[INSTRUCTIONS TO FOLLOW]:
In the data below, find the line with "POST vCD API Sessions Headers" and the line with "Victorian style marbletop chest 2e1fdc", then restate both and every line between them exactly, minus the pictures.

[AVAILABLE DATA]:
# # # #

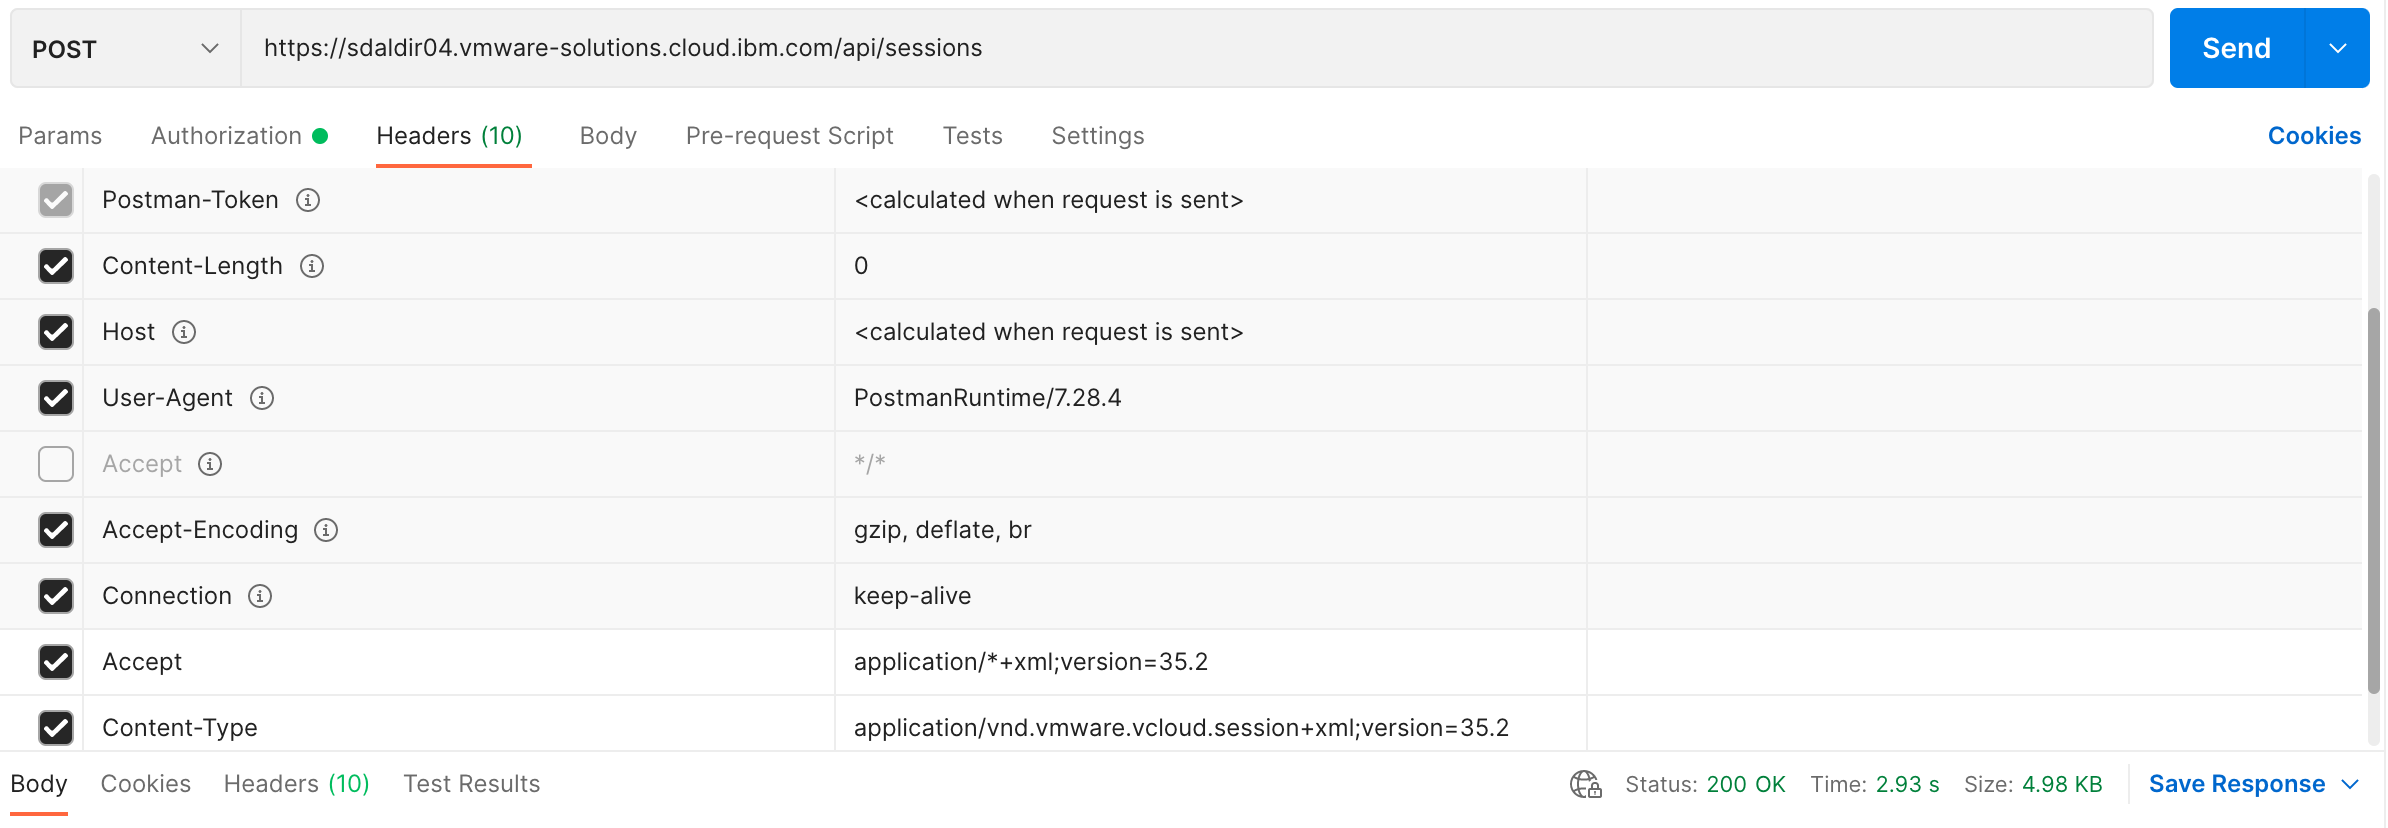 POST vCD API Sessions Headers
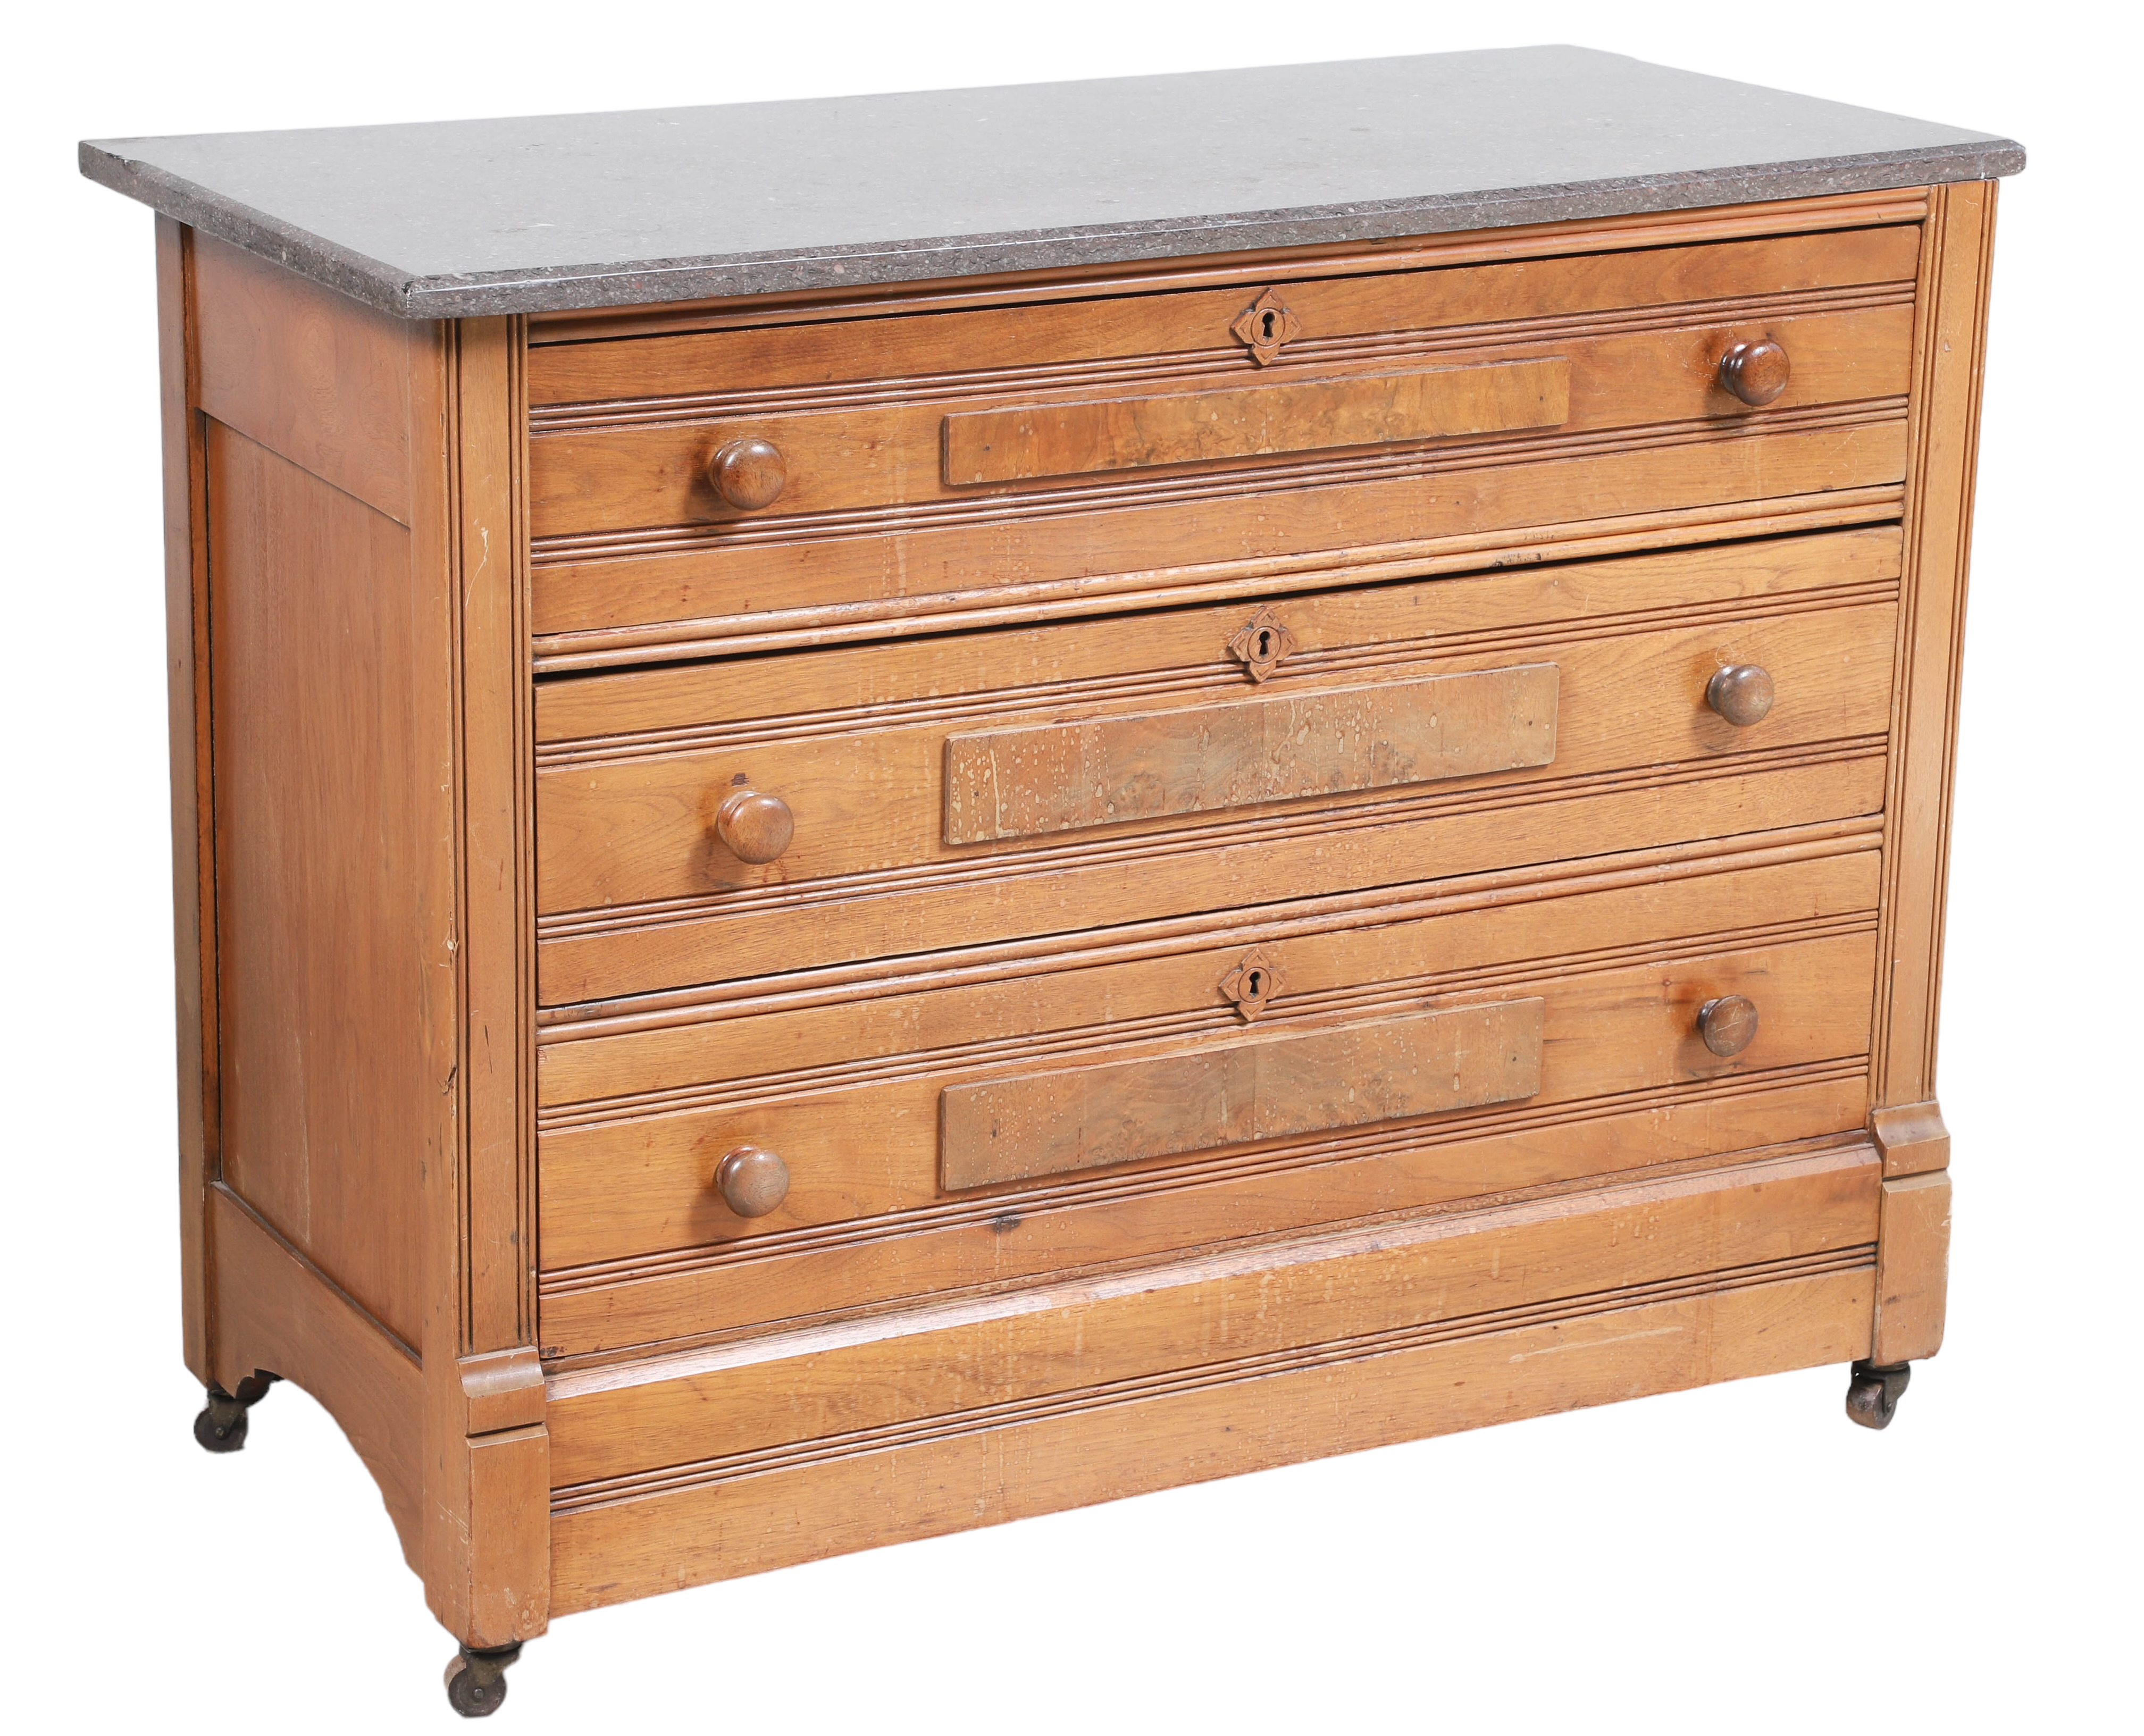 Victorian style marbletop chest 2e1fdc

# # # #

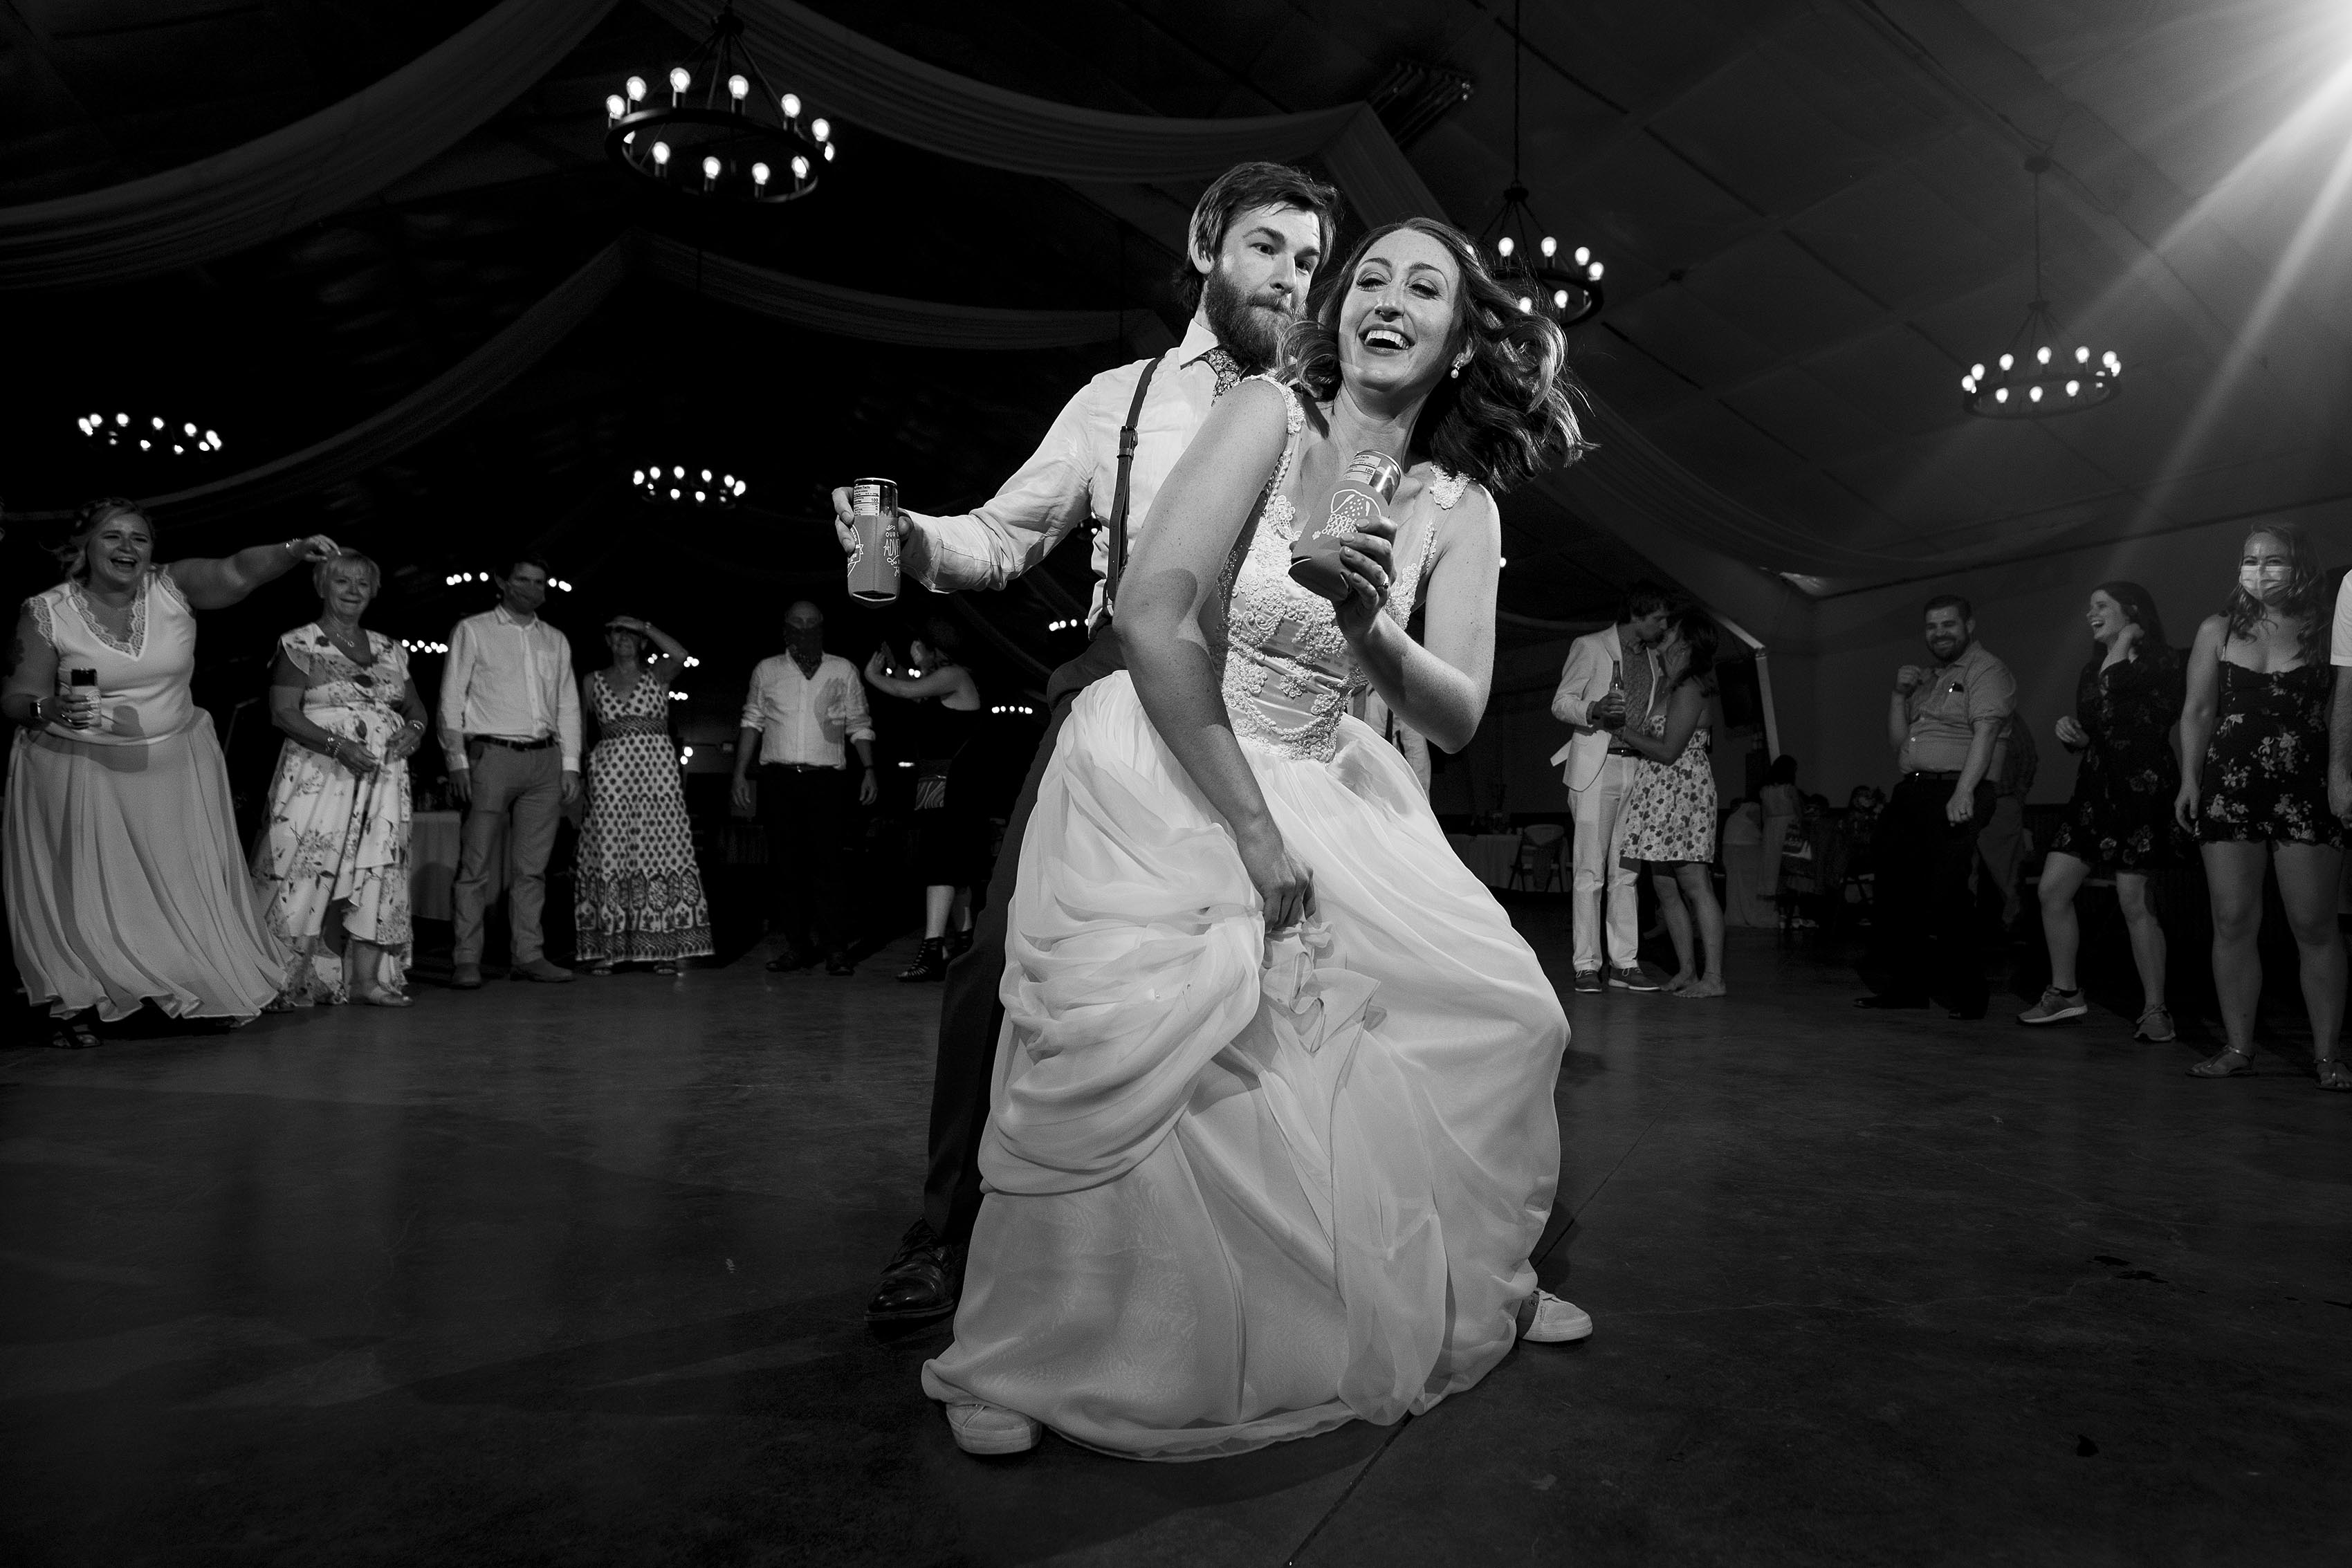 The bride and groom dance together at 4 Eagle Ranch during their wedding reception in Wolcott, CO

# # # #

[TASK OUTPUT]:
 POST vCD API Sessions Headers
 Victorian style marbletop chest 2e1fdc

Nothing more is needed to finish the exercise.